An exact copy of the data is required; the images should not appear in it.
___ Information shown
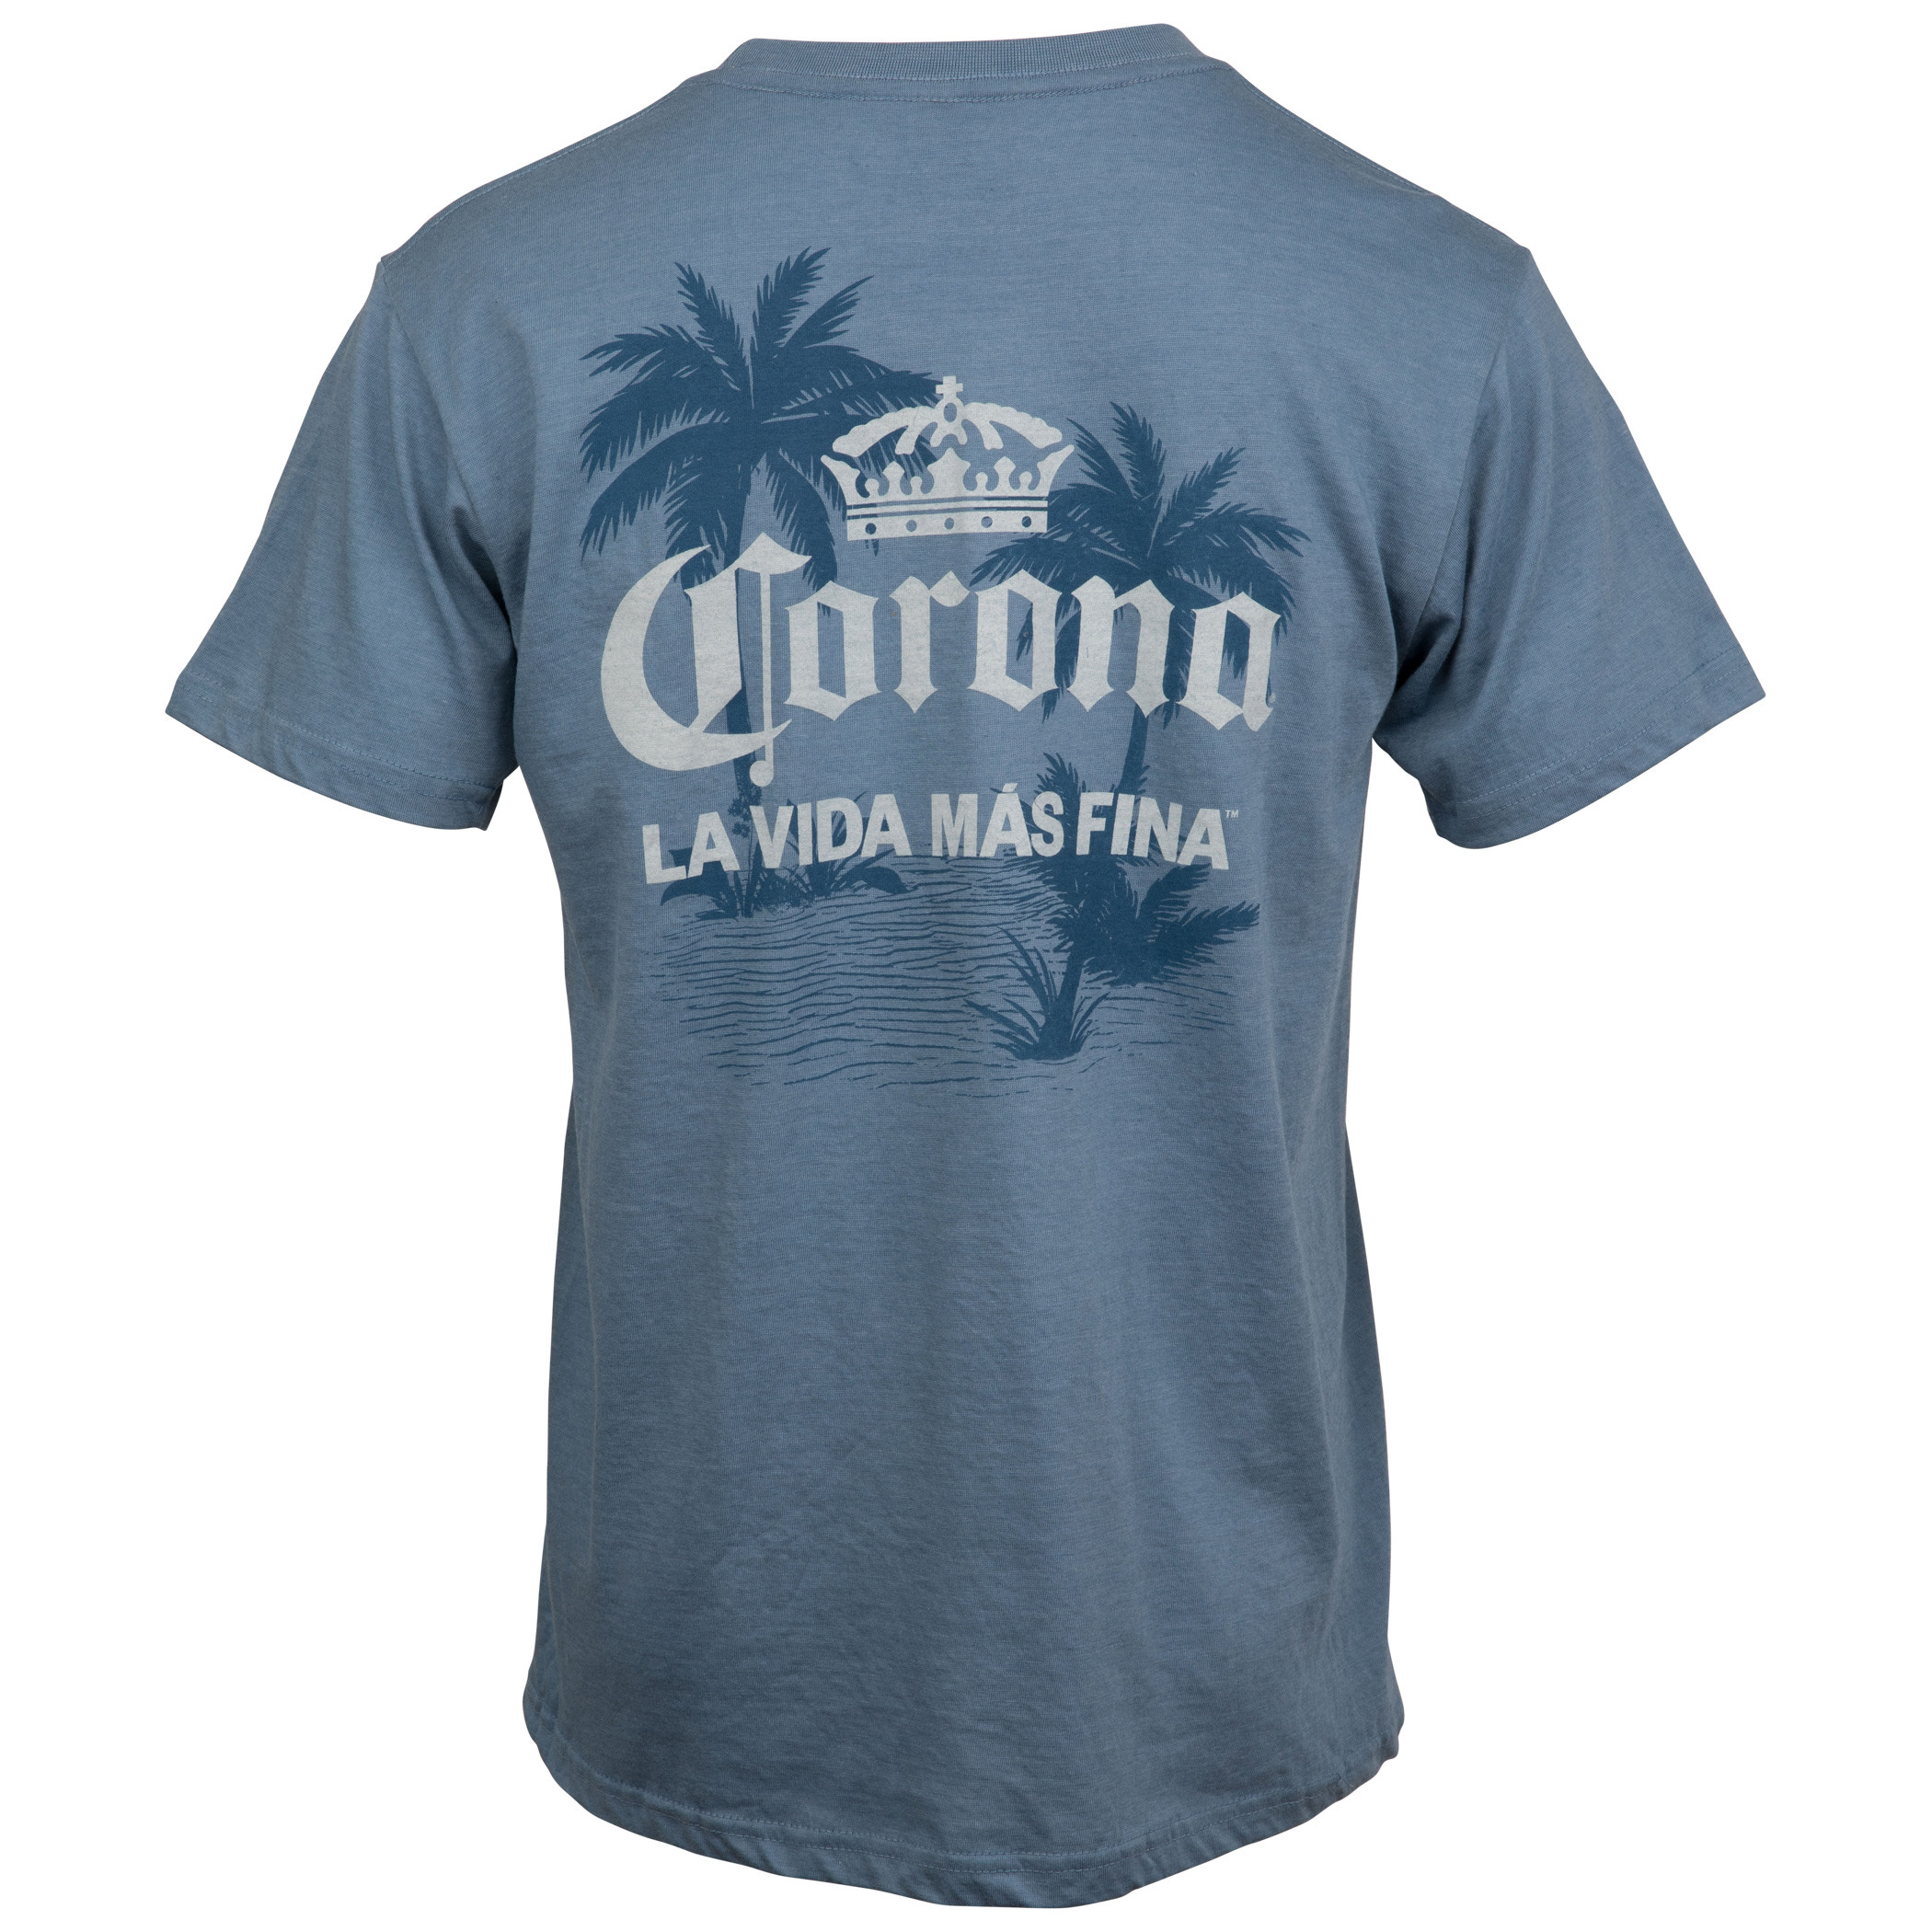 Corona Extra La Vida Mas Fina Palm Trees Front and Back Print T-Shirt
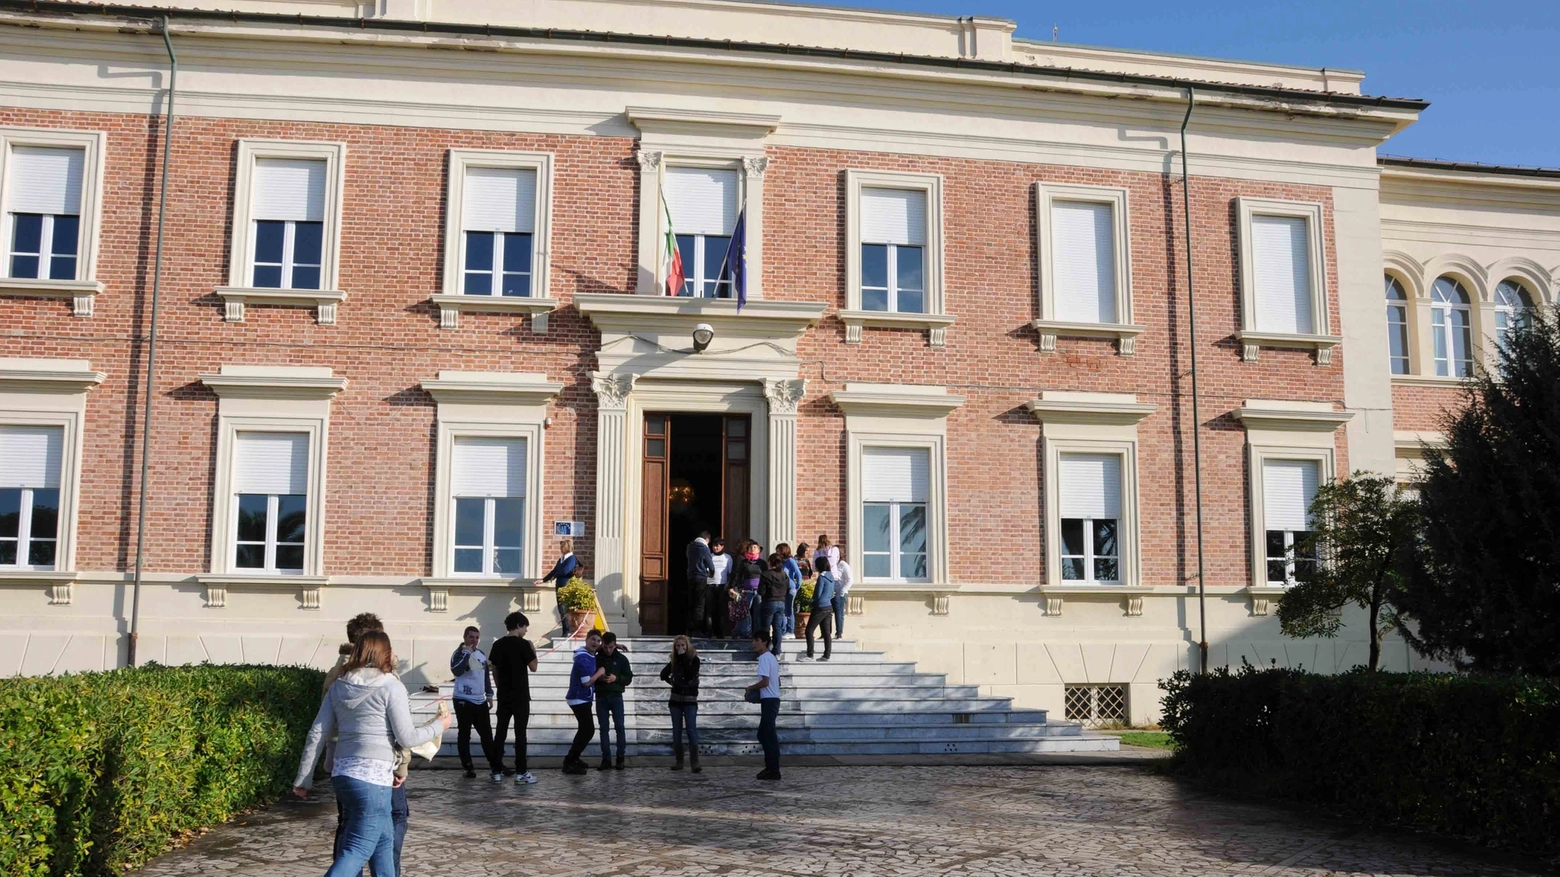 La Regione Toscana ha promesso un "aiuto" di 25mila euro ma "non saranno sufficienti". Ne servirebbero almeno 700mila
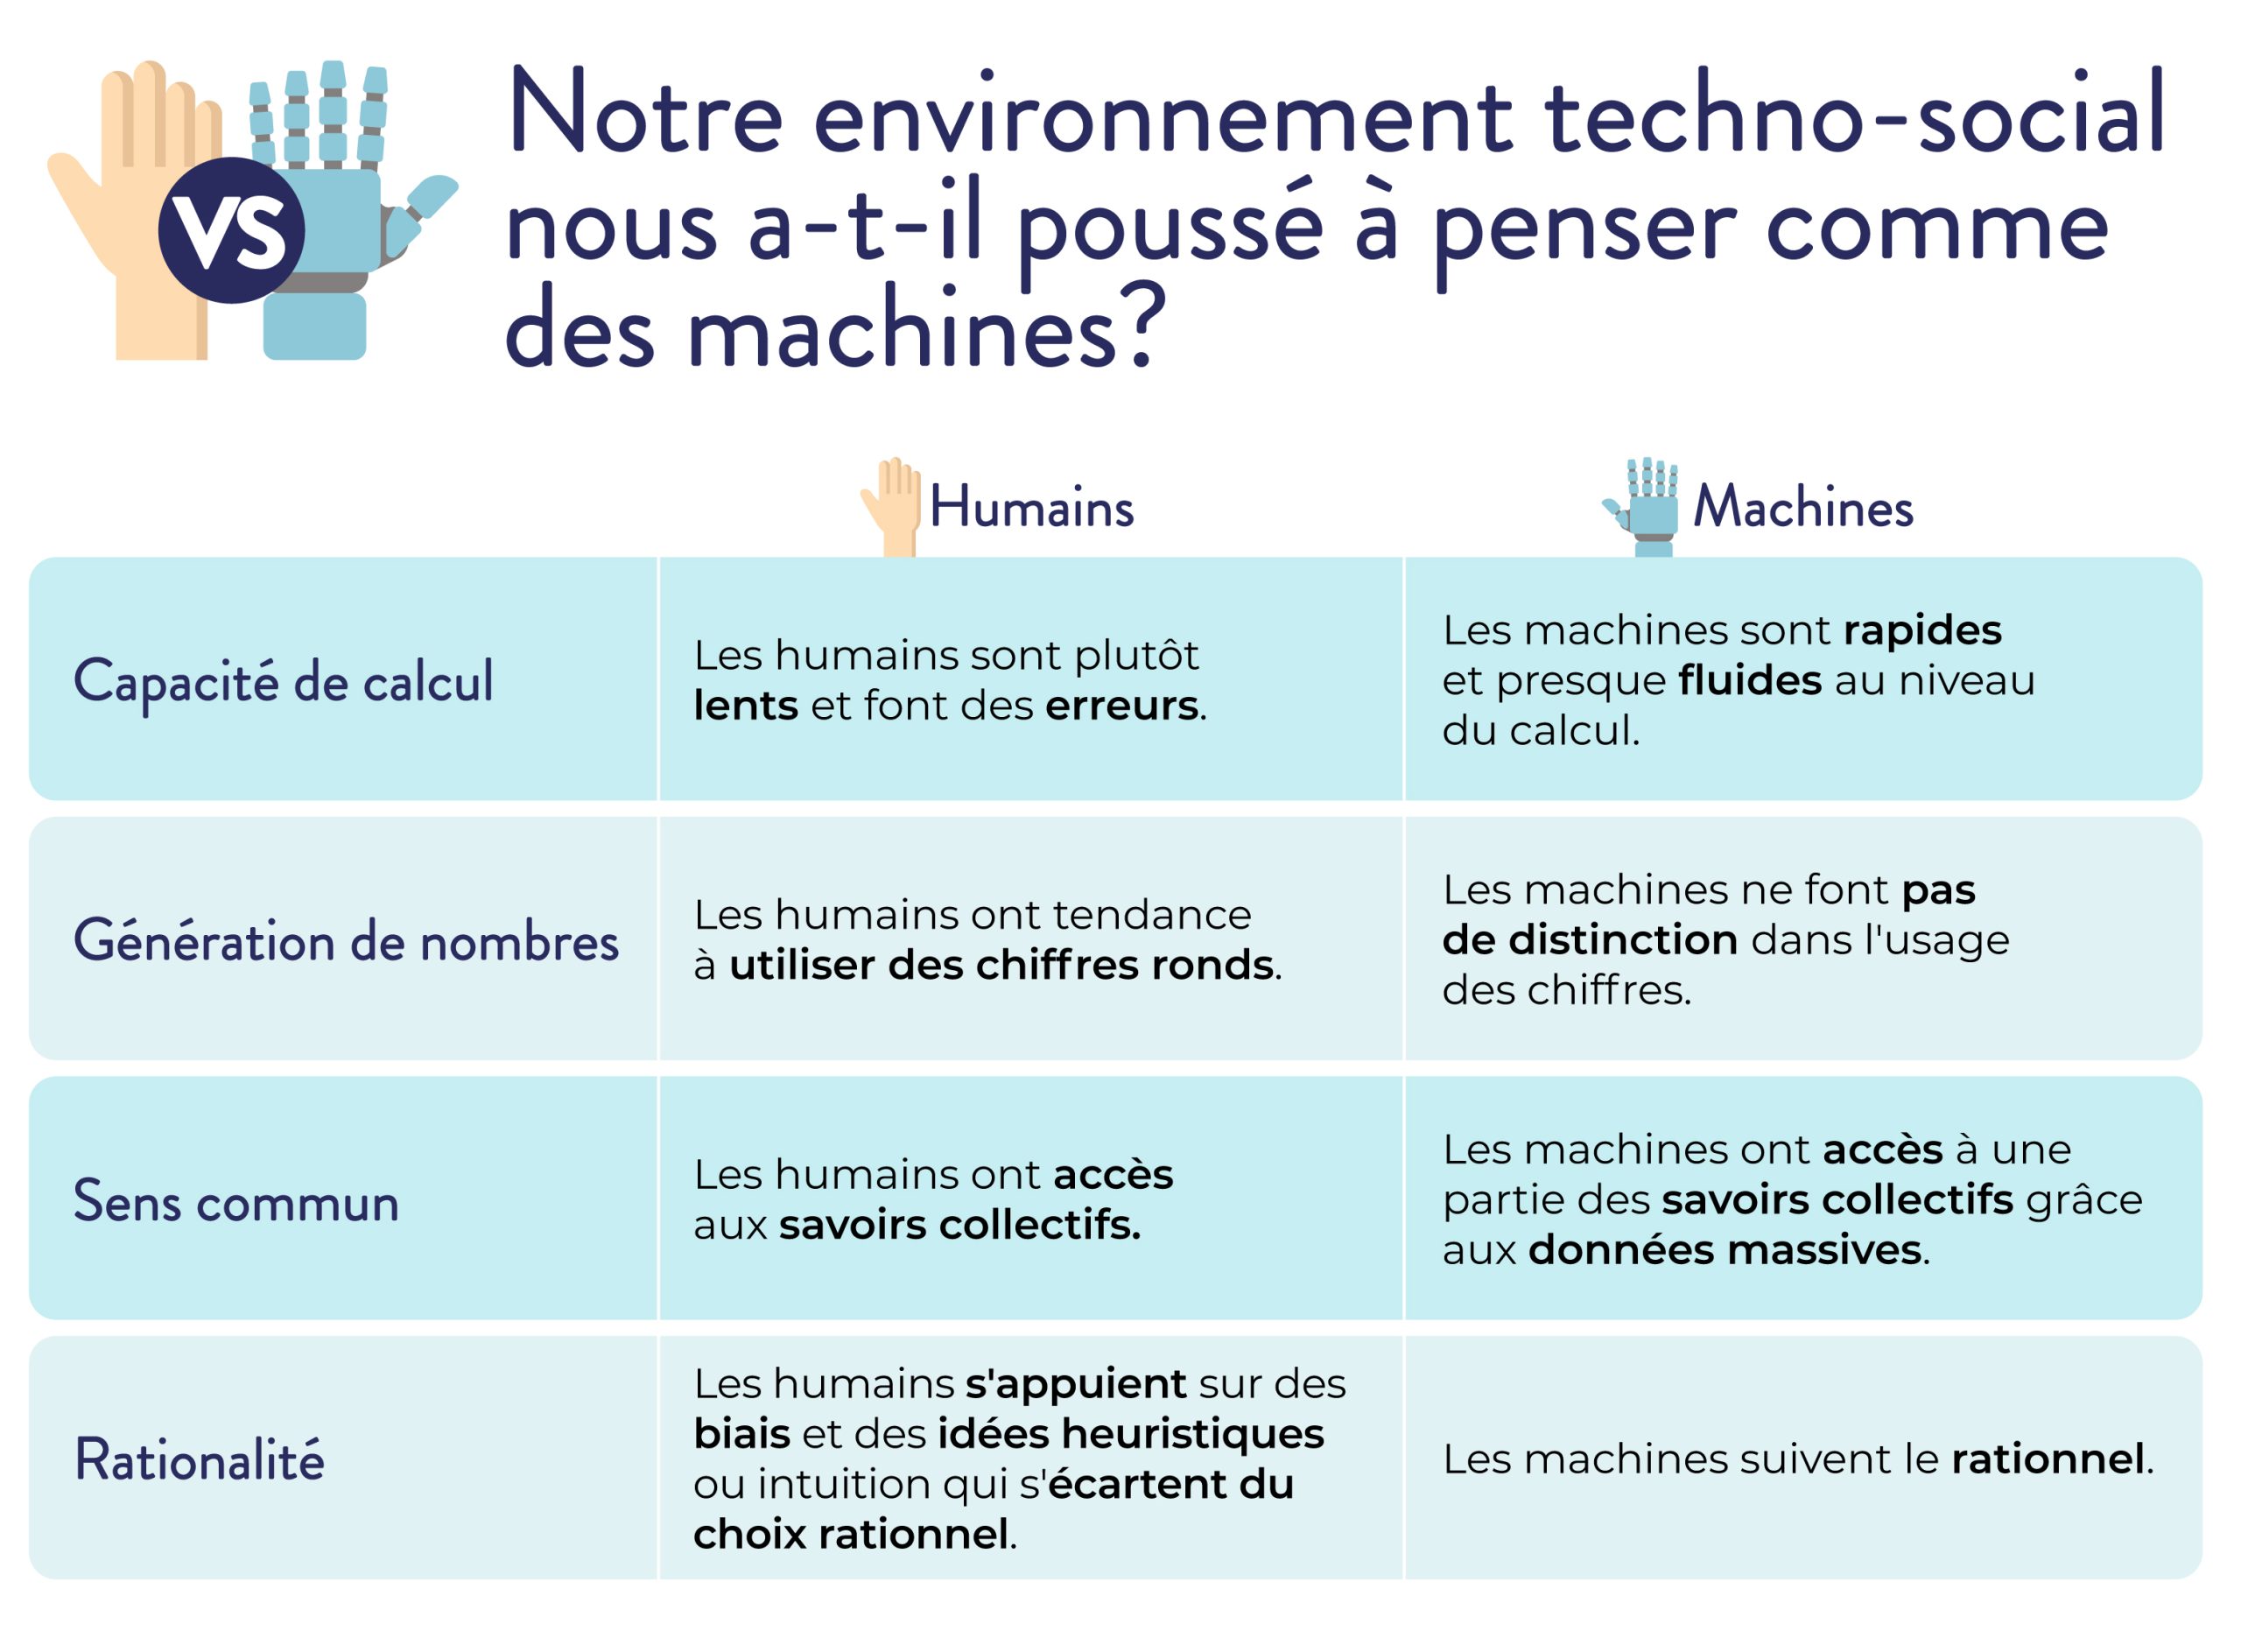 "Notre environnement technico-social nous a-t-il poussé à penser comme des machines?" Un tableau compare les humains et les machines.
______
- Written response:
 Corona Extra La Vida Mas Fina Palm Trees Front and Back Print T-Shirt
 La Regione Toscana ha promesso un "aiuto" di 25mila euro ma "non saranno sufficienti". Ne servirebbero almeno 700mila
 "Notre environnement technico-social nous a-t-il poussé à penser comme des machines?" Un tableau compare les humains et les machines.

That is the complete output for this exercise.